The Business Year

Edmund Bartlett

JAMAICA - Tourism

Changing Face of Tourists

Minister, Tourism


Recognized for his wide-ranging expertise and accomplishments in the political arena, Edmund Bartlett has given over 35 years of service to Jamaica, working both in the Senate and in the House of Representatives. He was first appointed Minister of Tourism in 2007, serving until December 2011. Prior to this appointment, he had a solid track record of service as a legislator in central government in both Chambers of Parliament. He returned to the helm of the Ministry of Tourism following his party’s victory in Jamaica’s February 2016 general election.

TBY talks to Edmund Bartlett, Minister of Tourism, on developing alternative tourist destinations, promoting Brand Jamaica, and attracting even more FDI to the sector.

How do you see the evolution of Jamaican tourism, and which key markets are you targeting to increase the number of visitors?

Tourism today is characterized by a larger demographic of people with knowledge and empowerment, though they possess a limited purchasing power. This is a younger group defined as millennials with a desire and need to travel, do good, and contribute; it is traveling with a purpose beyond leisure. People are also traveling now more for health and wellness because of new medical applications, innovations in medical technology, and the use of nutraceuticals and alternative medical applications. These are the passion points around which products have to be developed to respond to psychographic profiles to enable a destination to now be relevant. In the middle of all that is a price point that also has to be affordable. This has resulted in the emergence of new business models, such as the sharing economy with Airbnb and Uber, for example.
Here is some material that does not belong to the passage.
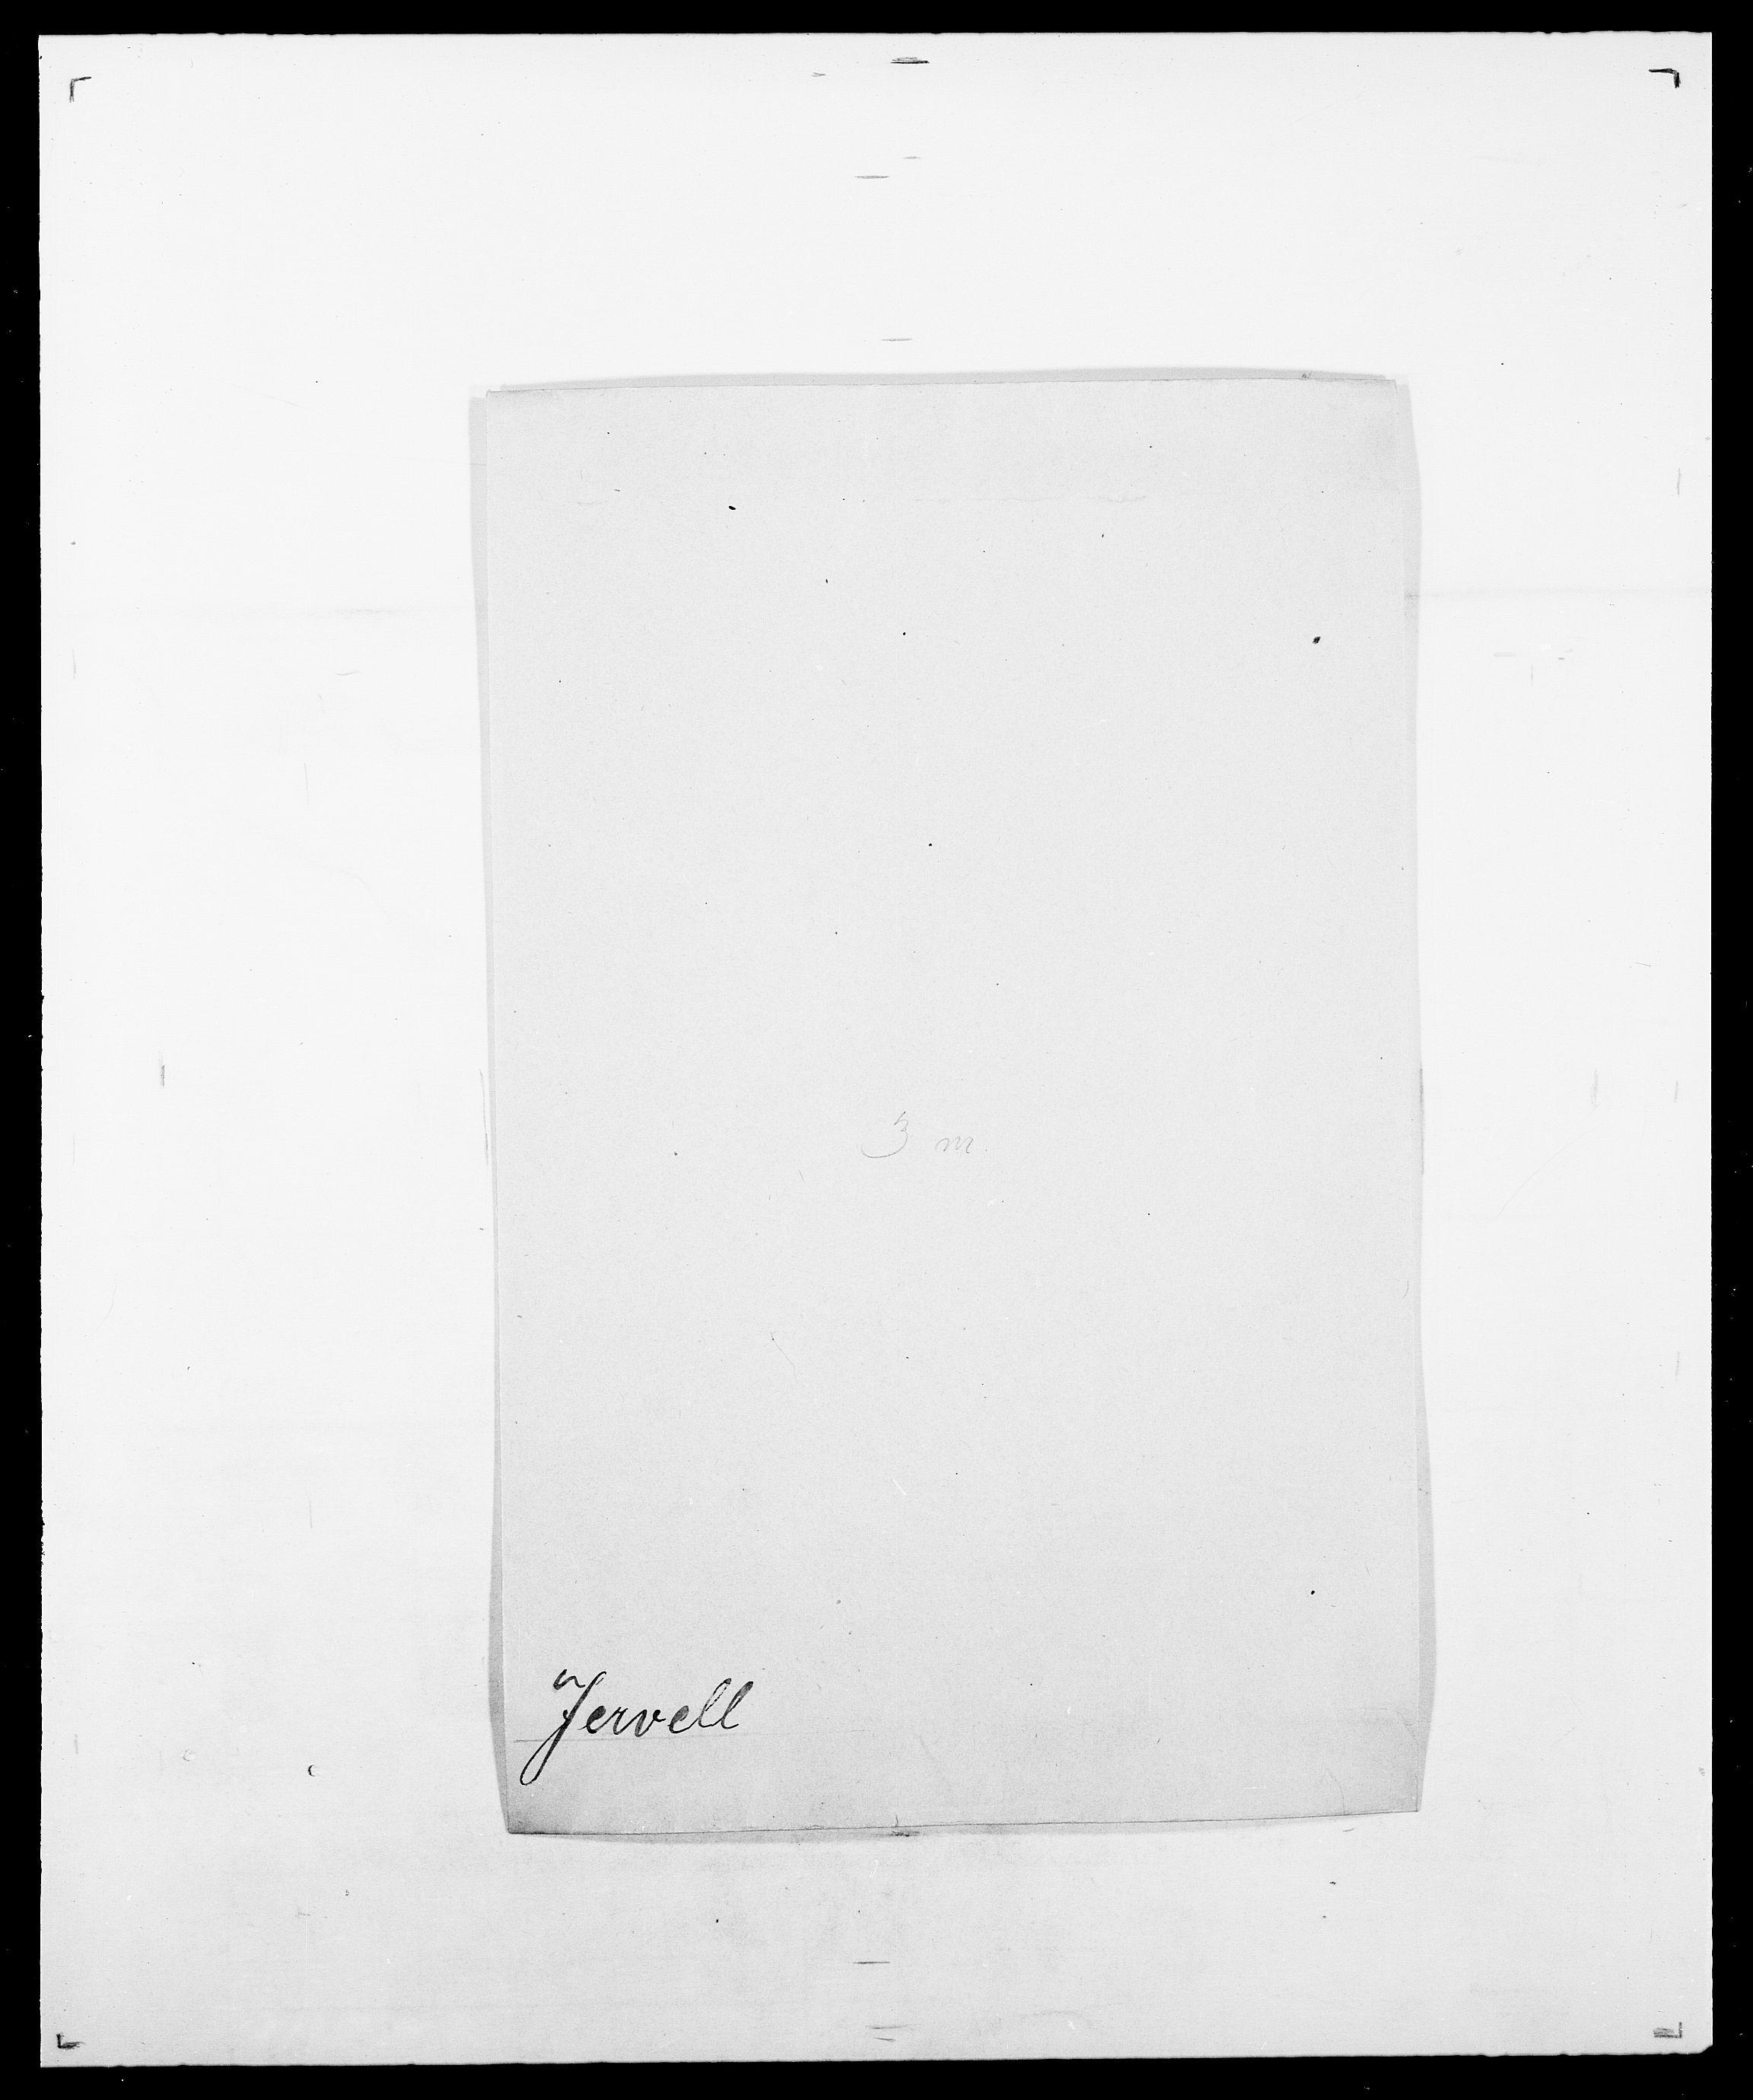 SAO, Delgobe, Charles Antoine - samling, D/Da/L0019: van der Hude - Joys, s. 715

Therefore, tourism is evolving into a system of access, and the new entrepreneurs are those who enable access.

Has this evolution enabled you to develop new tourist destinations in Jamaica?

That is one part of the new tourism evolution; the second part is developing the possibilities as we democratize and offer new destinations in Jamaica. We are constructing a new highway, the southeastern corridor from Kingston through to Port Antonio, which will create a new opportunity for a destination in St. Thomas. It could perhaps become driven by diversity because tourists are traveling through the Blue Mountains, and there is an enormous opportunity for eco-tourism. In addition, the parish has many beaches, and there is also the possibility of having a highly diversified experiential destination on the southeastern coast. Brand Jamaica promotes entertainment, sports, and music, and the new tourism strategy will build a stronger presence of entertainment, music, and sports in the global space.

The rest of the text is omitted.